在步驟S601中，該第二快取控制器22藉由使用在該讀取請求之位址中之較低位址ADD1作為一輸入位址來讀取其自己的無效歷史表IHT。此外，該較高位址ADD2變成其自己之比較器404之一側的輸入。該無效歷史表IHT藉由使用該較低位址ADD1作為該輸入位址來輸出該標籤區401、該無效位元402、與該節點號碼403。當該位址的無效歷史資訊被登記在該無效歷史表IHT中時，該無效狀態IS變成”1”，而該登記節點號碼IN變成有效。該流程前進至步驟S602。另一方面，當這位址的無效歷史資訊未被登記在該無效歷史表IHT中時，該無效狀態IS變成”0”，而該流程前進到步驟S604。 In step S601, the second cache controller 22 reads its own invalid history table IHT by using the lower address ADD1 in the address of the read request as an input address. Furthermore, the higher address ADD2 becomes the input on one side of its own comparator 404. The invalid history table IHT outputs the tag area 401, the invalid bit 402, and the node number 403 by using the lower address ADD1 as the input address. When the invalid history information of the address is registered in the invalid history table IHT, the invalid state IS becomes "1", and the registered node number IN becomes valid. The flow proceeds to step S602. On the other hand, when the invalid history information of the address is not registered in the invalid history table IHT, the invalid state IS becomes "0", and the flow advances to step S604.

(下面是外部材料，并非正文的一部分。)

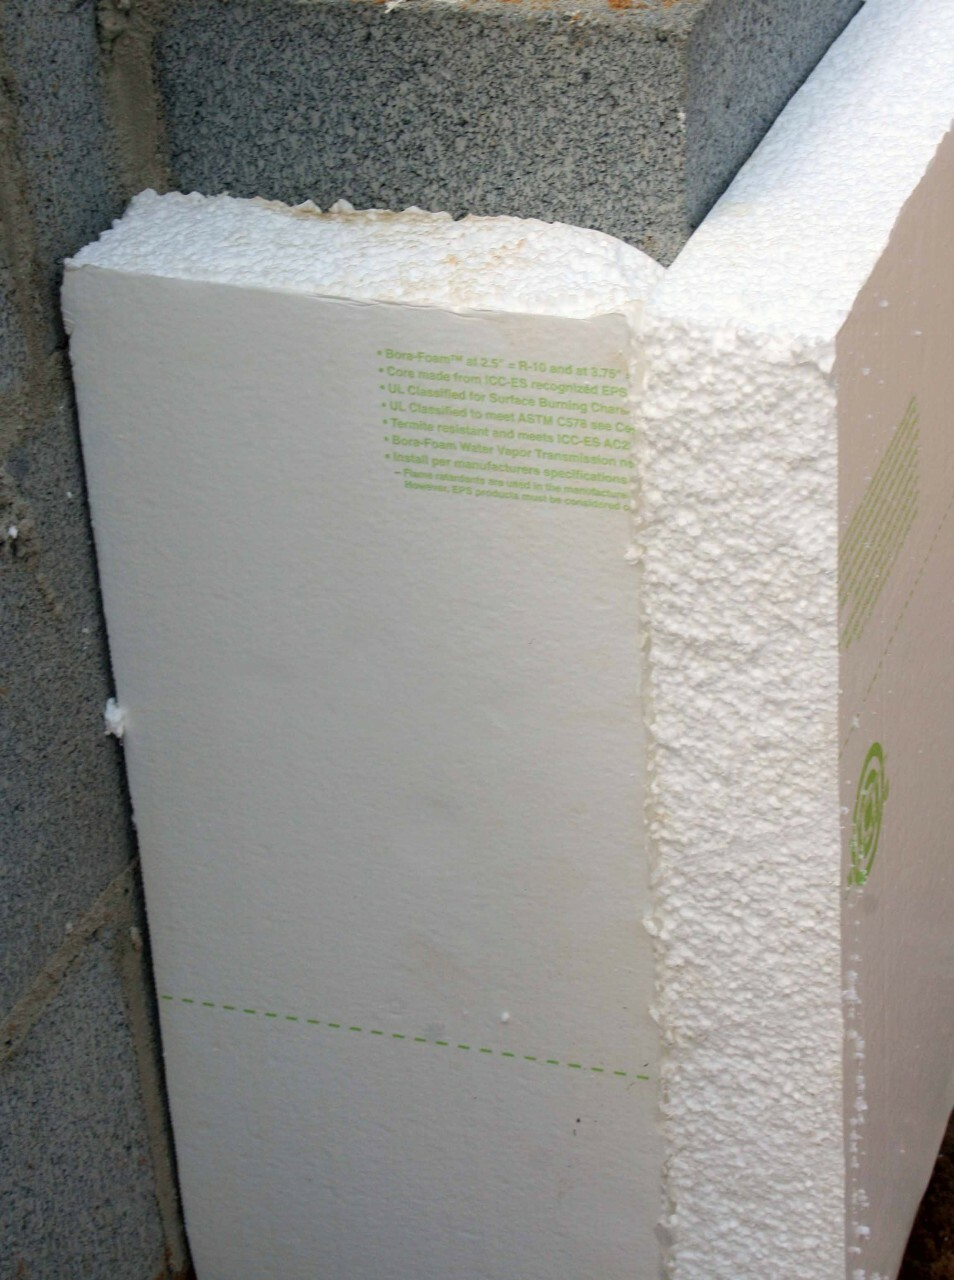 "Bora Foam (4' x 8' x 2-1/2"") Insulation Board"

在步驟S602中，該第二快取控制器22藉著單播(unicast)來把該同調讀取請求僅輸出到，例如，由該節點號碼IN所指出的第一節點1。 In step S602, the second cache controller 22 outputs the coherent read request to, for example, the first node 1 indicated by the node number IN by unicast.

接著，在步驟S603中，當一未中發生在接收該同調讀取請求之節點1中的快取記憶體中時，在該節點2中的快取控制器22判定需要的資料存在於該節點1中，但該資料不存在於其內。由於該快取記憶體31的容量是小，當位在另一位址的資料變成必須時，如此之情況發生，而因此它們被重寫。在這情況中，該流程前進到步驟S604。此外，當來自節點1的答案是為快取命中時，該快取控制器22前進到步驟S608。 Next, in step S603, when a miss occurs, the same tone is received. When the cache memory in the request node 1 is read, the cache controller 22 in the node 2 determines that the required data exists in the node 1, but the material does not exist therein. Since the capacity of the cache memory 31 is small, such a situation occurs when data of a bit at another address becomes necessary, and thus they are rewritten. In this case, the flow advances to step S604. Further, when the answer from the node 1 is a cache hit, the cache controller 22 proceeds to step S608.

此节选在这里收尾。